2.Volledigheidshalve geef ik de desbetreffende overweging uit het arrest d.d. 24 juli 2017 weer:
4.Ik wijs in dit verband in het bijzonder op de bespreking van middel 2 (randnummers 11-15), middel 3 (randnummers 16-21) en middel 4 (randnummers 22-26).
5.Zie HR 17 juni 2008, ECLI:NL:HR:2008:BD2578,
6.HR 20 maart 2012, ECLI:NL:HR:2012:BV9347,
7.Althans zo versta ik de hierna volgende rechtspraak en conclusies: HR 23 januari 2024, ECLI:NL:HR:2024:45; HR 13 februari 2024, ECLI:NL:HR:2024:168; HR 23 april 2024, ECLI:NL:HR:2024:618 (en de conclusie van Van Wees, ECLI:NL:PHR:2024:253, die aan dit arrest voorafging).
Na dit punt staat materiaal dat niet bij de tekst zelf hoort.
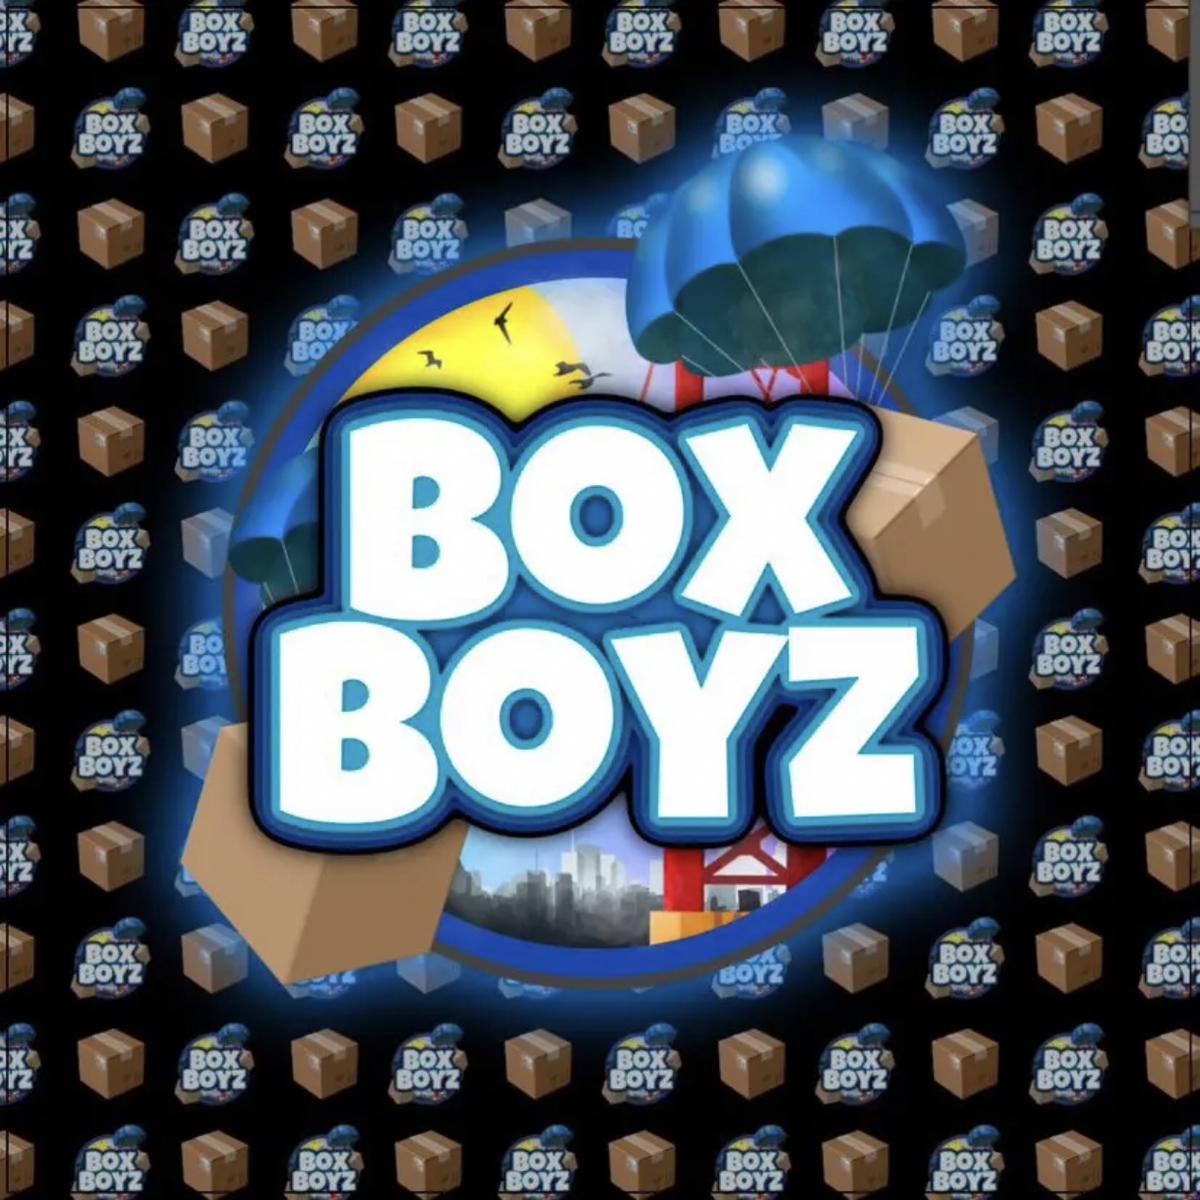 BoxBoyz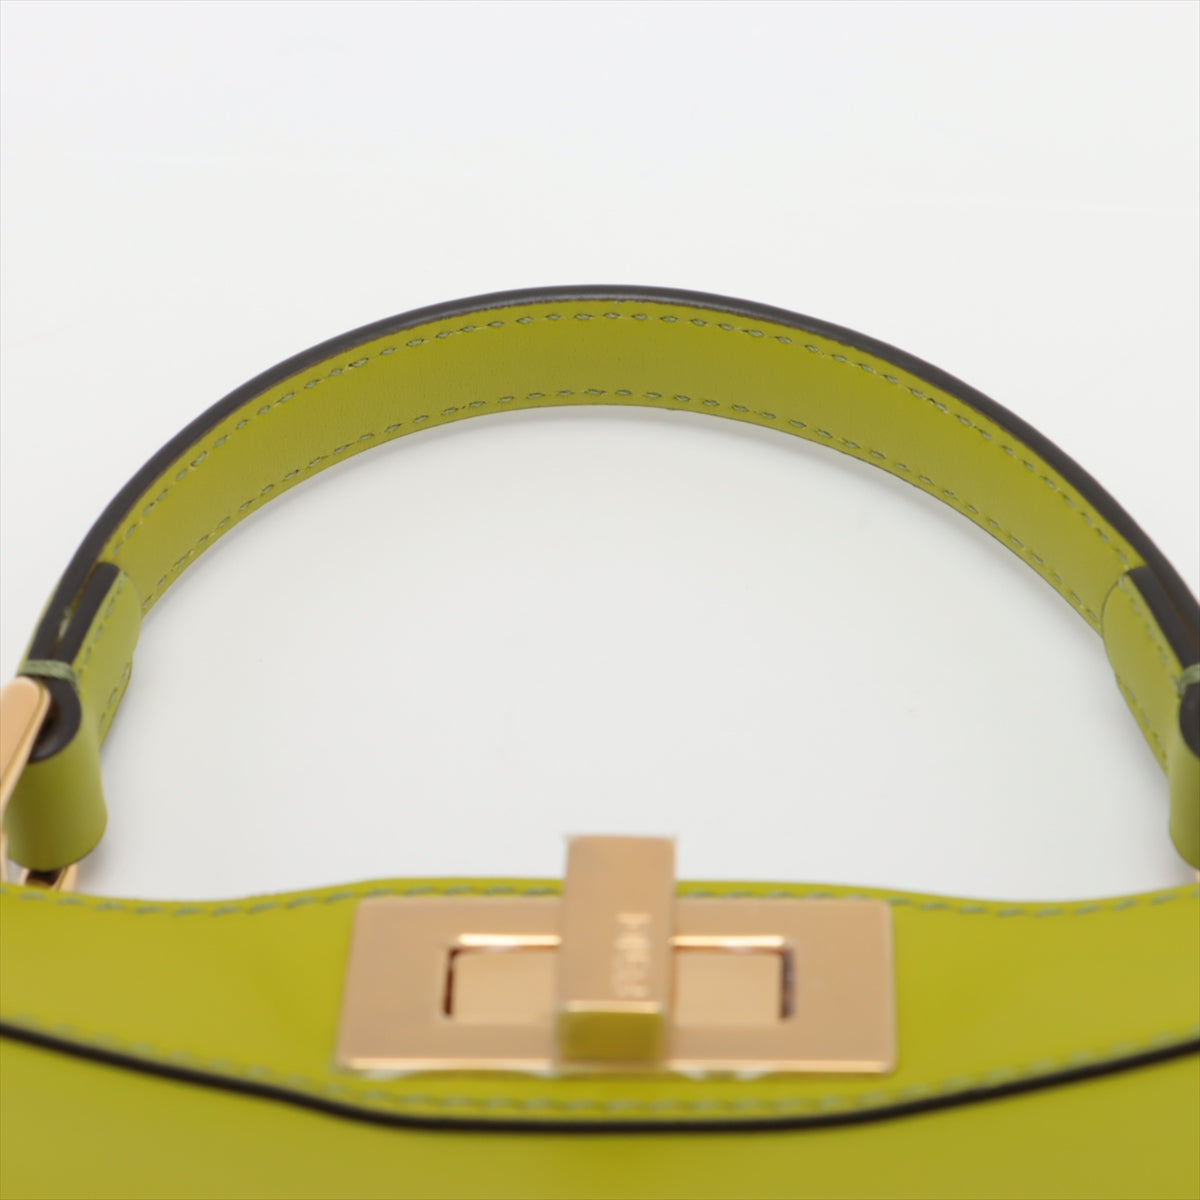 Fendi Peekaboo ICEU Small Leather 2WAY Handbag Green 8BN327

Zie ook de conclusie van Hofstee van 27 augustus 2024, ECLI:NL:PHR:2024:833, onder randnummer 23 (door de HR afgedaan met art. 81 lid 1 RO).
8.Ten overvloede zij opgemerkt dat de klachten die in de schriftuur worden gepresenteerd inhoudelijk niet verschillen van de klachten die de raadsman destijds in zijn cassatieschriftuur d.d. 9 augustus 20121, onder middel 3 en 4, naar voren heeft gebracht. Als gezegd, heb ik in mijn conclusie van 5 april 2022 geconcludeerd dat deze middelen terecht waren voorgesteld. Op grond van de thans voorliggende stukken zie ik geen aanleiding om op mijn eerdere opvatting terug te komen.